Converting to/from char[], wchar[] and dchar[] causes no loss of data, ever. All existing glyphs can be represented in UTF-8(char[]), UTF-16(wchar[]) and UTF-32(dchar[]), thus all existing strings can be represented in all types. Of course that representation uses a different number of bytes and may in fact use different bit patterns(codepoints) as well.

Regan
June 04, 2005
Regan Heath wrote:
 > Converting to/from char[], wchar[] and dchar[] causes no loss of data,
> ever. All existing glyphs can be represented in UTF-8(char[]),  UTF-16(wchar[]) and UTF-32(dchar[]), thus all existing strings can be  represented in all types. Of course that representation uses a different  number of bytes and may in fact use different bit patterns(codepoints) as  well.
> 
> Regan

What then is the point of having all of these different types?

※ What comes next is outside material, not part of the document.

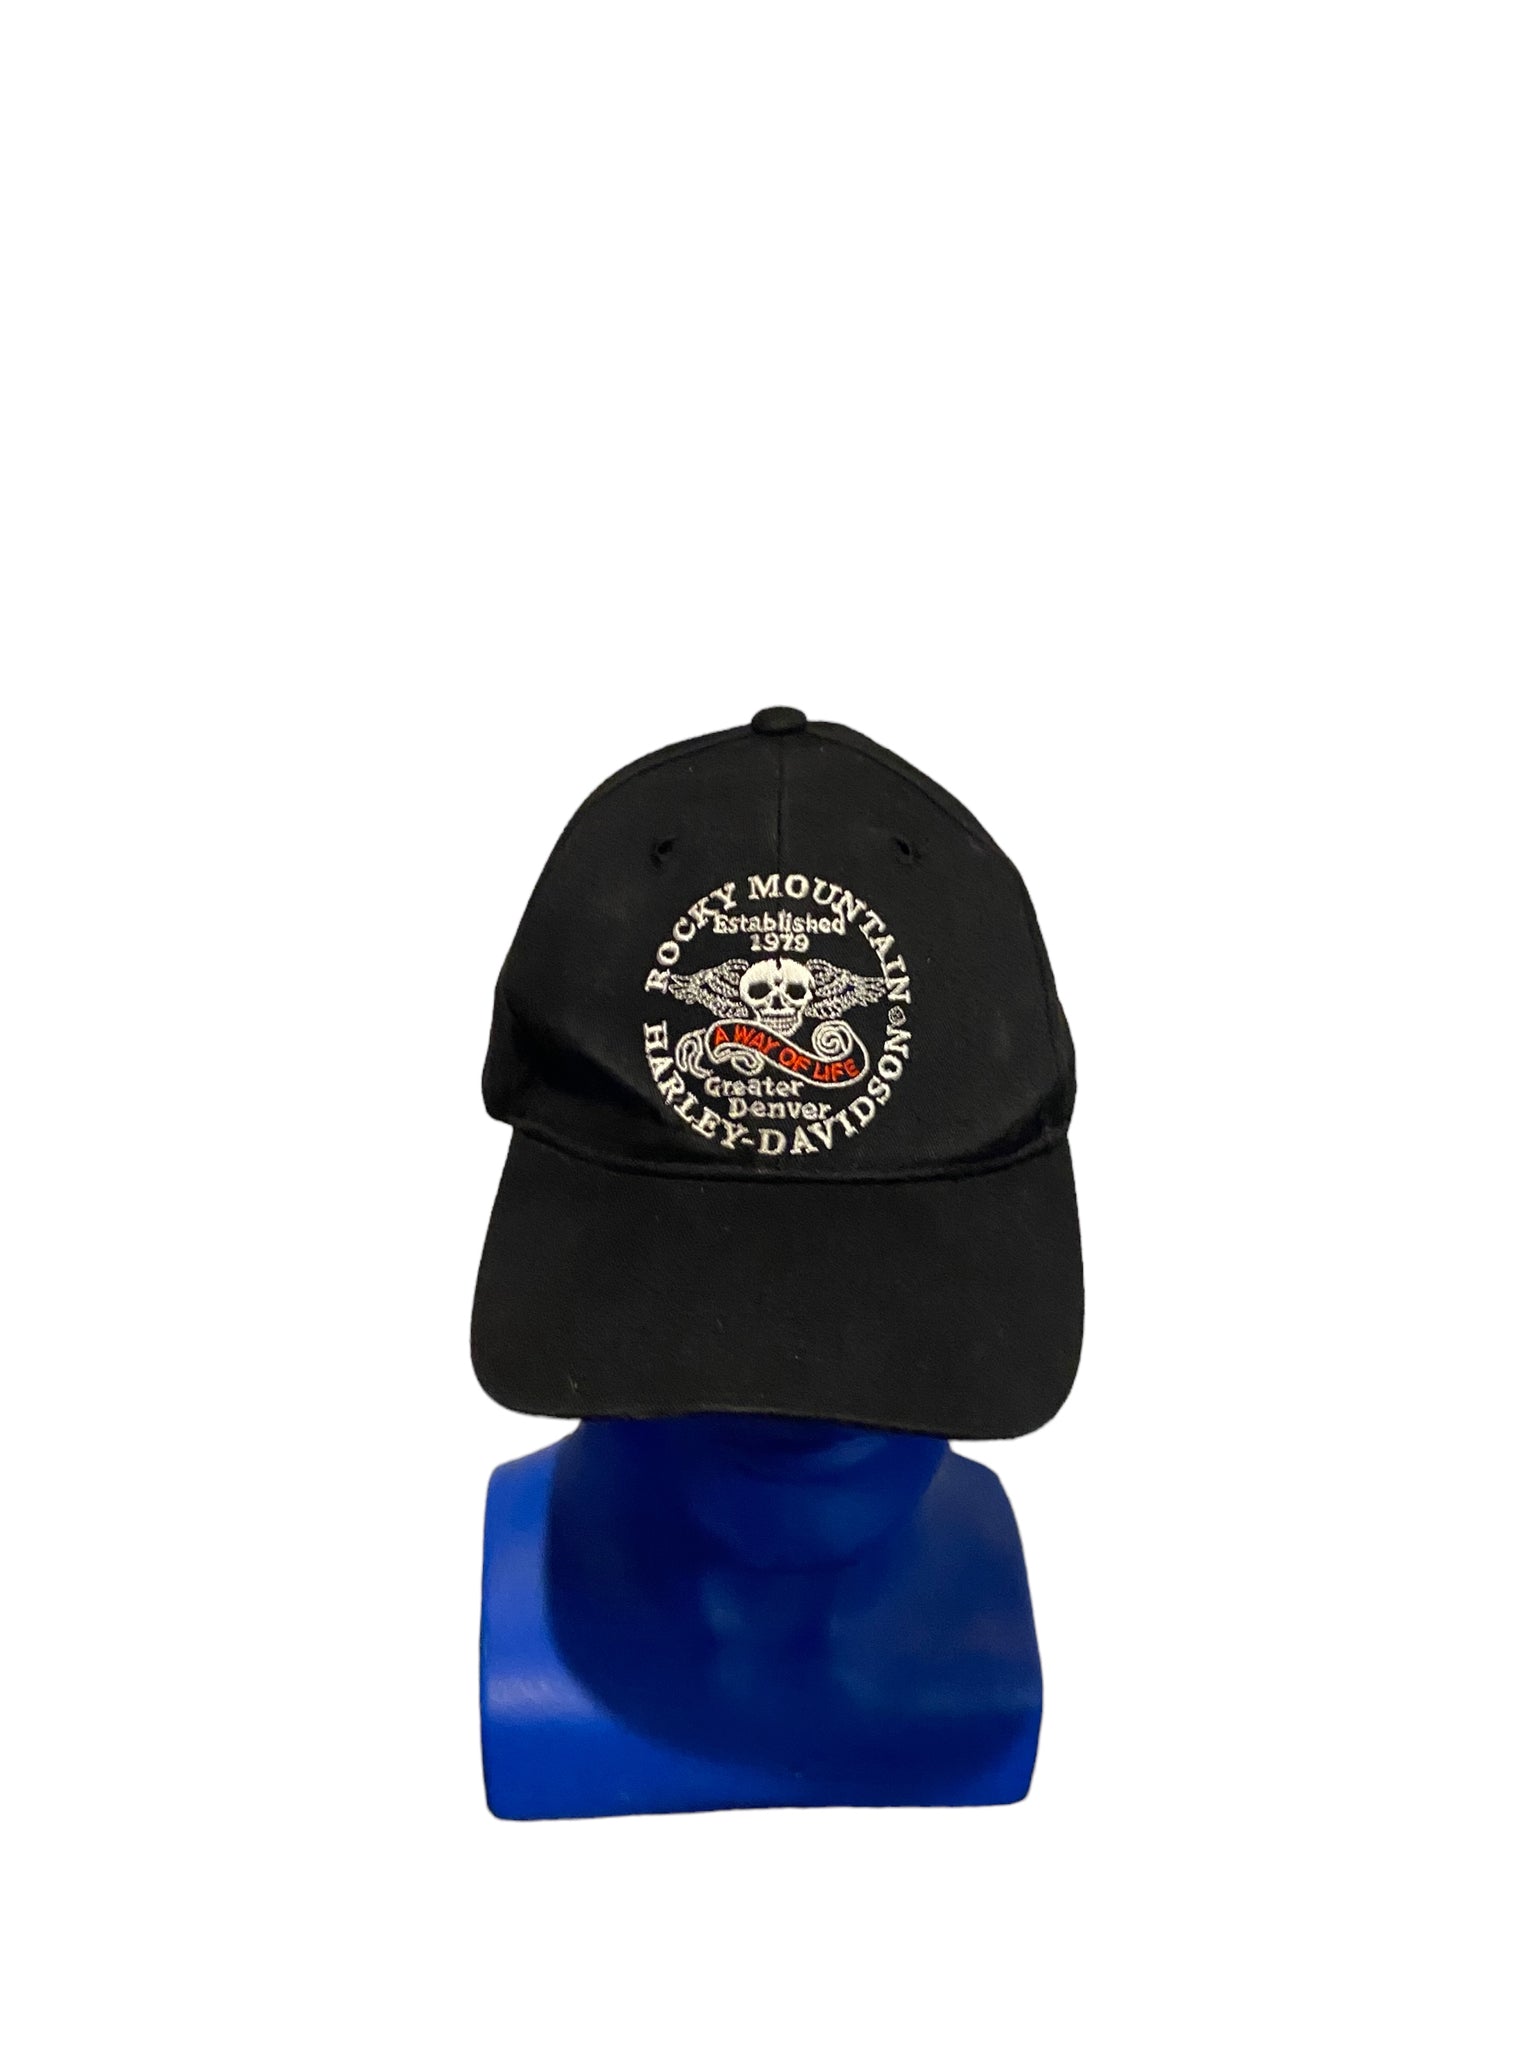 rocky mountain harley davidson embroidered logo script adj strap hat

How does UTF-8 work? when you only have 256 possible values?
June 04, 2005
On Fri, 03 Jun 2005 20:42:25 -0700, Trevor Parscal <trevorparscal@hotmail.com> wrote:
> Hasan Aljudy wrote:
>>  I think that toString or any std function that takes a string and processes it, should always take dchar and return dchar.
>>
>
> The best idea for this I have heard thus far.. Especially since, anytime you are doing a toString you aren't going to be worried about the addtional overhead of a dchar[] (or so I believe)

If you're using char[] then it gets converted to dchar[], processed, then converted back. That's not ideal IMO.

Ideally we only want conversion to happen in 1, or at most 2 places.

1. Data is converted on input from <input format> to <internal format>.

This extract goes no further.